Добавить в цитаты Настройки чтения

Страница 41 из 78

Глава 15. Шестнадцатое июня. К полуночи. Валентин

Валентин вышел на улицу и решительно свернул к дому Пряжкина.

Он был взбешен до крайности. Он помнил так же отчетливо, как и то, что дважды два — четыре, что проливать кровь — нехорошо, что хорошие мальчики так не делают, и что использовать живую звездочку — крайне опасно для него самого…

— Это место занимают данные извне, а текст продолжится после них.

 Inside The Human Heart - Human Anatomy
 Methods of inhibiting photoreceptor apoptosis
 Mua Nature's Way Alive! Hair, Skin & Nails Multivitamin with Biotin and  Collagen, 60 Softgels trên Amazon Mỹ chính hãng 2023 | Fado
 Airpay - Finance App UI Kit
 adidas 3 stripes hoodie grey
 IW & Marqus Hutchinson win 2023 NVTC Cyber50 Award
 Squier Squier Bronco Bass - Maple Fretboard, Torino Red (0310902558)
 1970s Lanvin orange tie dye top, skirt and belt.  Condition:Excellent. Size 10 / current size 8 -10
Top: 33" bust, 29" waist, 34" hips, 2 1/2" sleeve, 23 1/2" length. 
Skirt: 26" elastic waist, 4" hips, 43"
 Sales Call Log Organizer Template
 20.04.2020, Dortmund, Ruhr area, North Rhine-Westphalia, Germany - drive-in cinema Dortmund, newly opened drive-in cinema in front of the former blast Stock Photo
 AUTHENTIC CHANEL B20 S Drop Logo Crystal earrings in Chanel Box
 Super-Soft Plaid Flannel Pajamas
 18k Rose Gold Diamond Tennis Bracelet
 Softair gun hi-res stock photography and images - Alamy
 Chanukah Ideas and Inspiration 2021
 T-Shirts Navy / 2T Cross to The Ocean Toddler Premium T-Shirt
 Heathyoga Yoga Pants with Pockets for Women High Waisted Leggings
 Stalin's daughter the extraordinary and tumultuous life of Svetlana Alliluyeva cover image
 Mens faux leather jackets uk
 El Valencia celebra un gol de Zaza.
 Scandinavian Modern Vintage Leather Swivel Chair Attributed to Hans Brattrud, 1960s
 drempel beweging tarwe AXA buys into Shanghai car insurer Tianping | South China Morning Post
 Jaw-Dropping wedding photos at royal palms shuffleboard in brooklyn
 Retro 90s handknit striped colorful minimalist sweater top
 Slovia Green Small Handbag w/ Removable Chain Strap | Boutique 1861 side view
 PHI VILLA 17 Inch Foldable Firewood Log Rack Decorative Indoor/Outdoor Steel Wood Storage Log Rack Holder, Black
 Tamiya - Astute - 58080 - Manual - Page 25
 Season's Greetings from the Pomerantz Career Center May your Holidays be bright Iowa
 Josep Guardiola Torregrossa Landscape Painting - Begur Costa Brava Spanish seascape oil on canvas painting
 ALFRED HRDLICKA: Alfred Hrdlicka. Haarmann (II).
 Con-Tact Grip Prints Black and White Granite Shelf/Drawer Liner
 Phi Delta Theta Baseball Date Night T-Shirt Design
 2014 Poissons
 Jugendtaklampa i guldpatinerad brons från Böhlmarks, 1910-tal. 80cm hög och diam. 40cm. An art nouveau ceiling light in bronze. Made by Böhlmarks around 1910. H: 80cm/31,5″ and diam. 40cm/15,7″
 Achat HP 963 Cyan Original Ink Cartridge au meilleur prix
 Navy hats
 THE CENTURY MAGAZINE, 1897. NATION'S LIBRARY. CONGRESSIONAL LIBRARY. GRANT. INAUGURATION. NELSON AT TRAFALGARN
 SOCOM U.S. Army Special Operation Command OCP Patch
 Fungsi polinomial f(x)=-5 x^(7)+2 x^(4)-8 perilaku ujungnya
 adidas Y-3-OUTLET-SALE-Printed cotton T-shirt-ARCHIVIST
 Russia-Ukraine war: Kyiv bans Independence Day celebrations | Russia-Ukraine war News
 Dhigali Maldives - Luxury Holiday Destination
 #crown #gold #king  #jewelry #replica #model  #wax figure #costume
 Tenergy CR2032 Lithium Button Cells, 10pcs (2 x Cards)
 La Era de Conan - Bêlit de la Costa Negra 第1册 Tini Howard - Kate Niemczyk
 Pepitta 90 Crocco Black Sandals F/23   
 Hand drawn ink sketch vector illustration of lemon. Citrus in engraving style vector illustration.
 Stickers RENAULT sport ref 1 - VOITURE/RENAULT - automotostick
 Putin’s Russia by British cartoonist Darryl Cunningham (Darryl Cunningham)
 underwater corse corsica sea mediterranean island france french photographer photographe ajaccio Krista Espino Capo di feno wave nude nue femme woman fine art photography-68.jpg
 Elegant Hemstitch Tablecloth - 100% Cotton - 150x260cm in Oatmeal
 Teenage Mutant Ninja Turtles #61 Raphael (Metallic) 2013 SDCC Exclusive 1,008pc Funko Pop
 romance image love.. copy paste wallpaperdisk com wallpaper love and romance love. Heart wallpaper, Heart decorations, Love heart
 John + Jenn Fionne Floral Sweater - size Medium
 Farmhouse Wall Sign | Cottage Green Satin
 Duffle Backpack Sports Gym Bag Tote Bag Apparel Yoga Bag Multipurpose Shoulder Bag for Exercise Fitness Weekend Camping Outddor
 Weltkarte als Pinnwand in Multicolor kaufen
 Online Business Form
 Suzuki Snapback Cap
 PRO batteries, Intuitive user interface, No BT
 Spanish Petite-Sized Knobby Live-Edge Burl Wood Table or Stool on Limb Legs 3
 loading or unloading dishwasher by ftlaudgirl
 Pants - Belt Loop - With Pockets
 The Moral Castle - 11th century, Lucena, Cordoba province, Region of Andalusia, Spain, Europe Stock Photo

Но Валентин не был хорошим мальчиком и не нуждался в этих напоминаниях.

Он давно позабыл это безмятежное ощущение собственной правоты и безгрешности, которое нет-нет да и посещало его в юности. И сейчас он был способен сделать то, что может быть и не должен бы никогда делать…

Ненависть к самому себе сжигала Валентина изнутри. Он уже давно откровенно презирал себя, педантично и брезгливо раскладывая свою жизнь по косточкам.

Он горько жалел, что все повернулось именно так. Более того, он проклинал свою судьбу. Не потому, что ему пришлось оставить комфортную городскую жизнь и запереться в глуши, оставшись на вольных хлебах. С этими трудностями он справился отлично. Но вот лешие…

Эх, если бы они оказались только бабушкиной сказкой! Валя любил их, страх за каждого из них поселился в нем давно и прочно, и ничто и никто не заставил бы его сейчас бросить обитателей Логова на растерзание. Никогда не мог бы он предать и своего сына, невзирая на то, что на лохматой головенке мальчика прятались рожки, а ногти стали такии же подвижными и прочными, как у взрослого лешака…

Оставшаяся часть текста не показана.